**DIRECTIONS:** Output the data verbatim, minus the images.

**DATASET EXCERPT:**
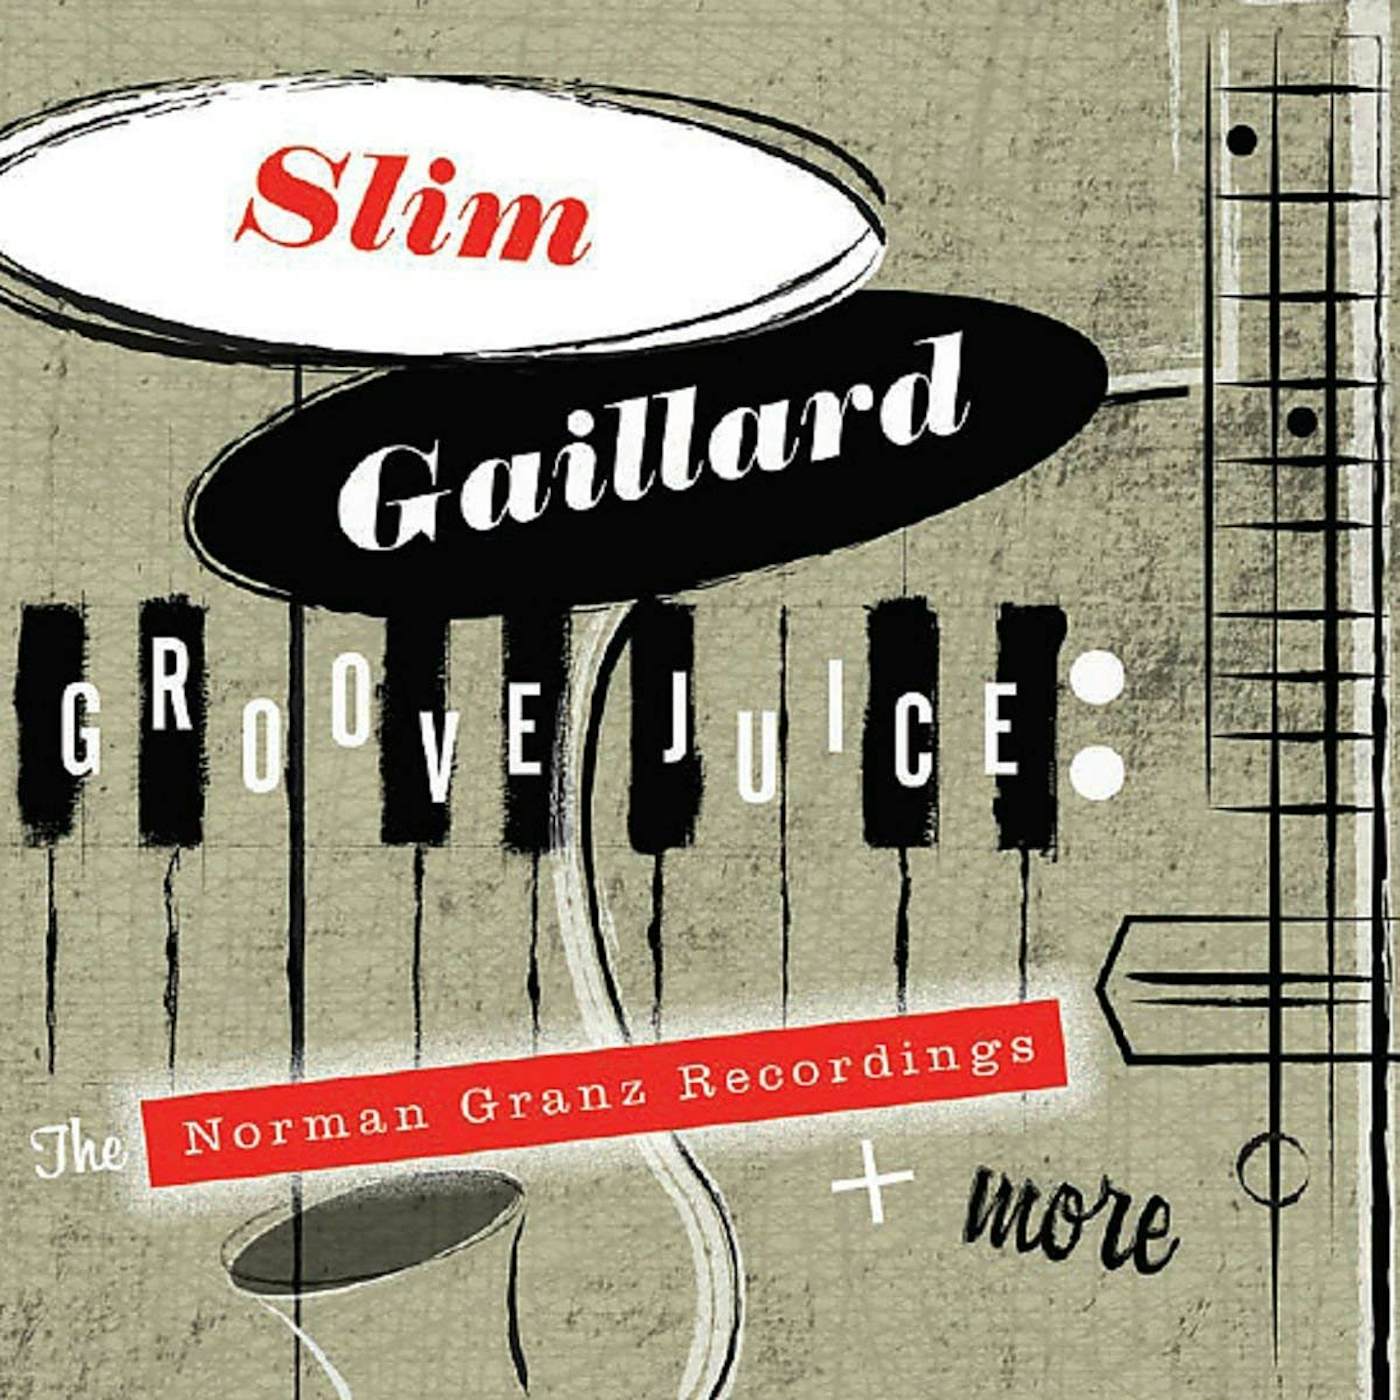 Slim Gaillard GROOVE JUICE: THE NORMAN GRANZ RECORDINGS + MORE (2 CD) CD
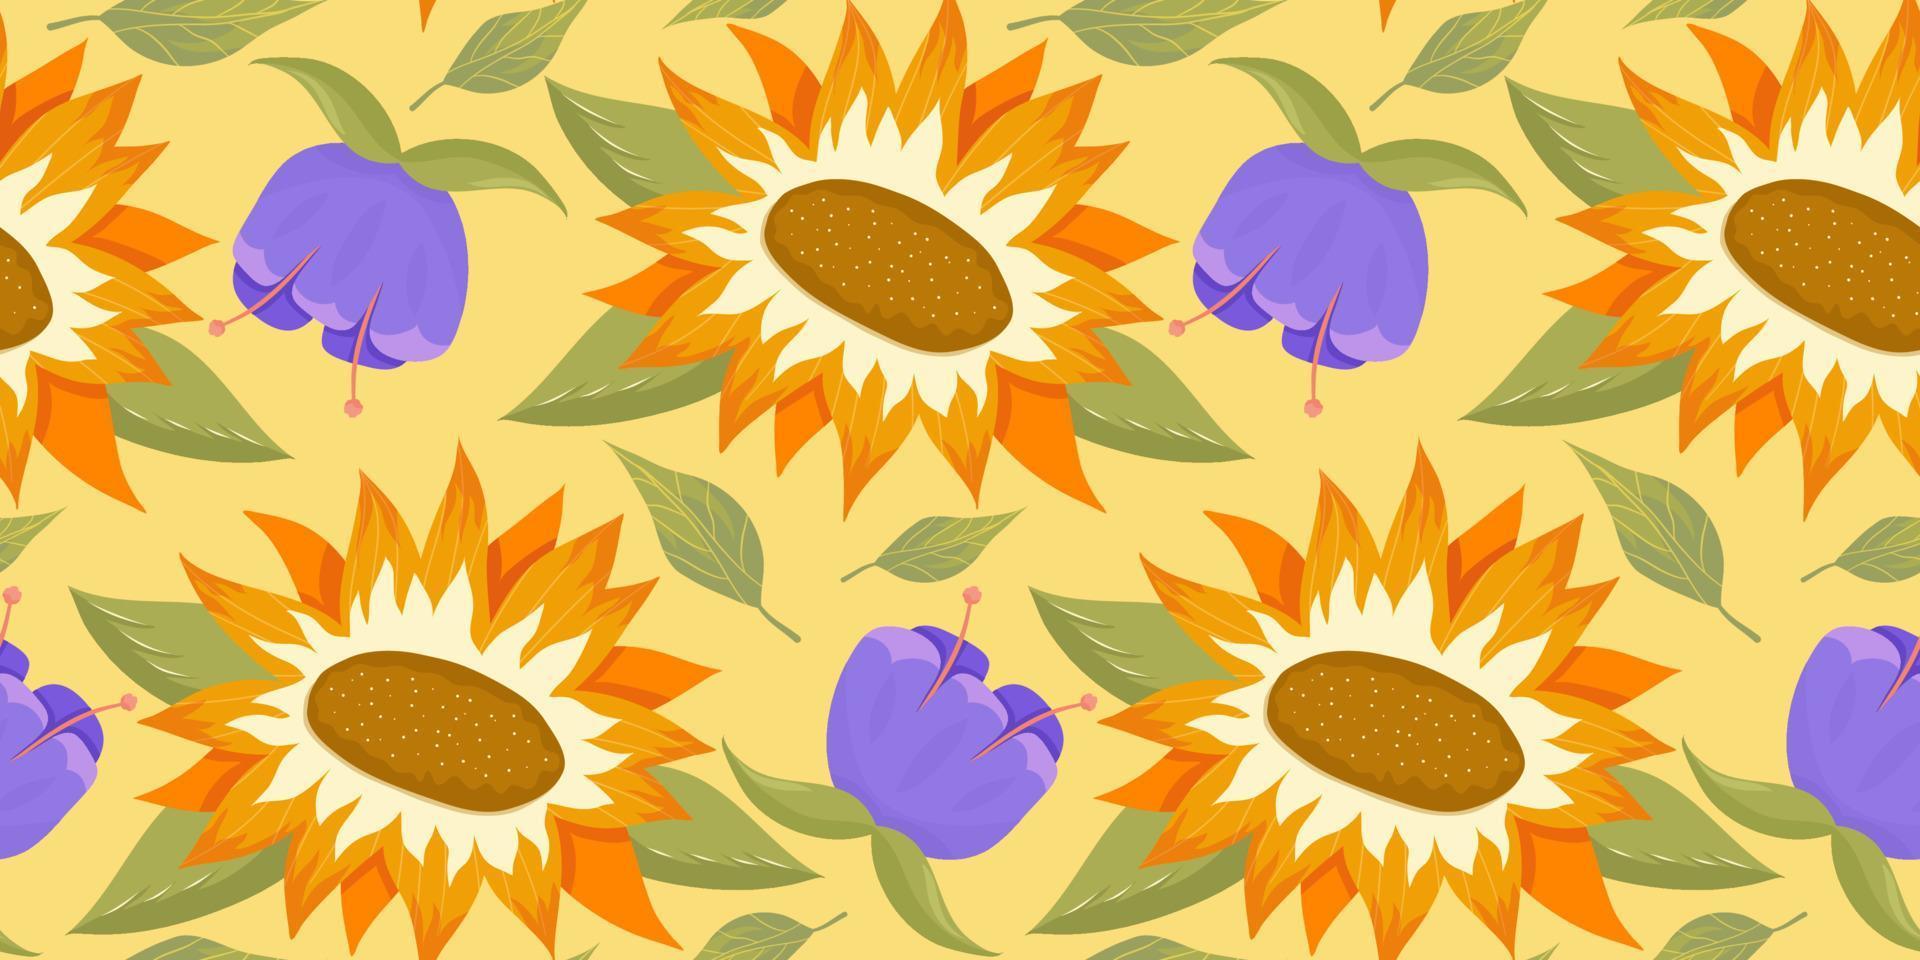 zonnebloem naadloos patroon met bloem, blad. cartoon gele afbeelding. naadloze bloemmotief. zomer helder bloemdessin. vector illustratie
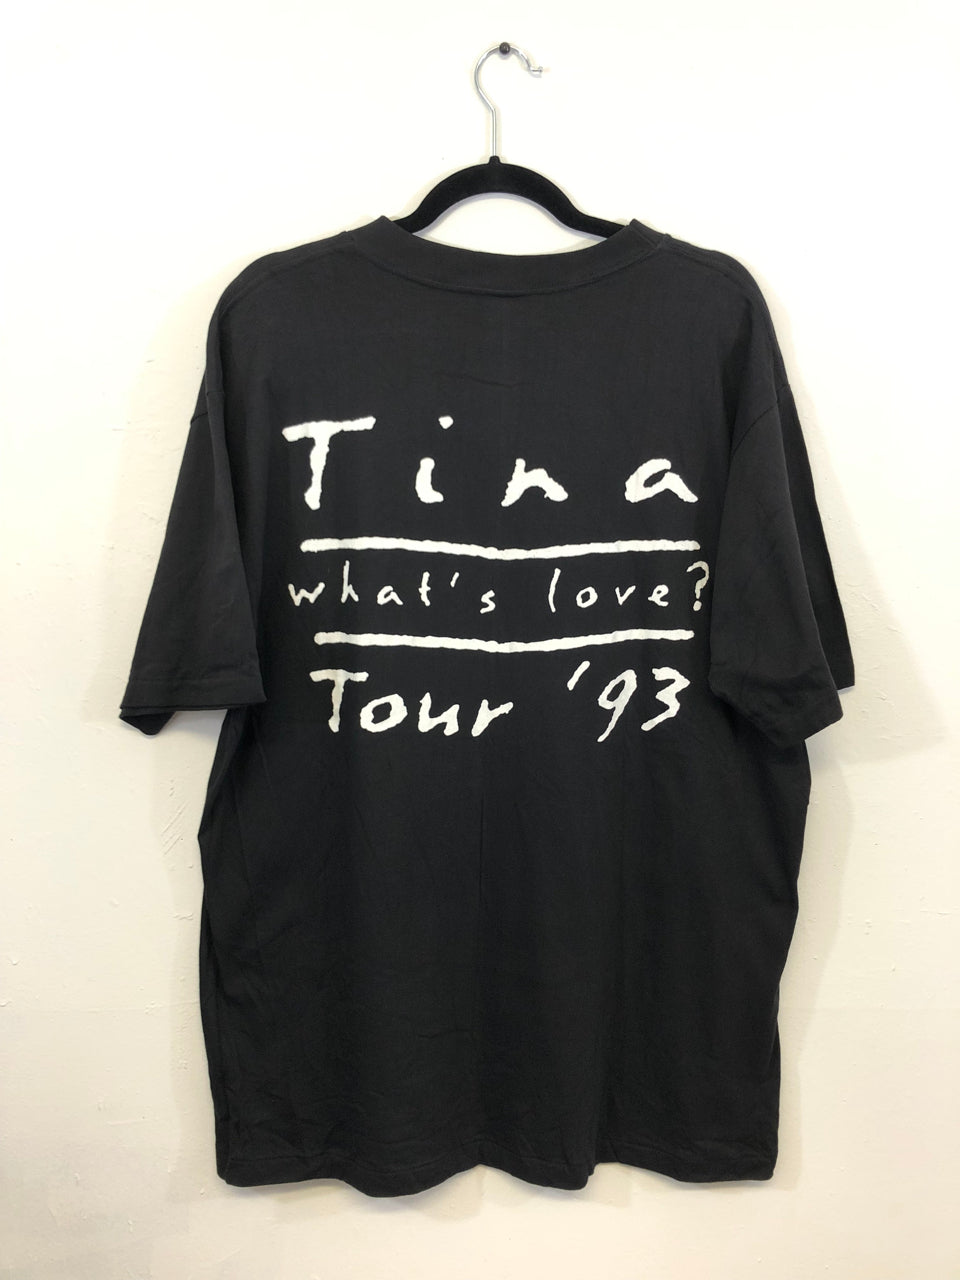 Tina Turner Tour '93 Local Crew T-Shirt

**ANSWER FOR THE TASK:**
 Slim Gaillard GROOVE JUICE: THE NORMAN GRANZ RECORDINGS + MORE (2 CD) CD
 zonnebloem naadloos patroon met bloem, blad. cartoon gele afbeelding. naadloze bloemmotief. zomer helder bloemdessin. vector illustratie
 Tina Turner Tour '93 Local Crew T-Shirt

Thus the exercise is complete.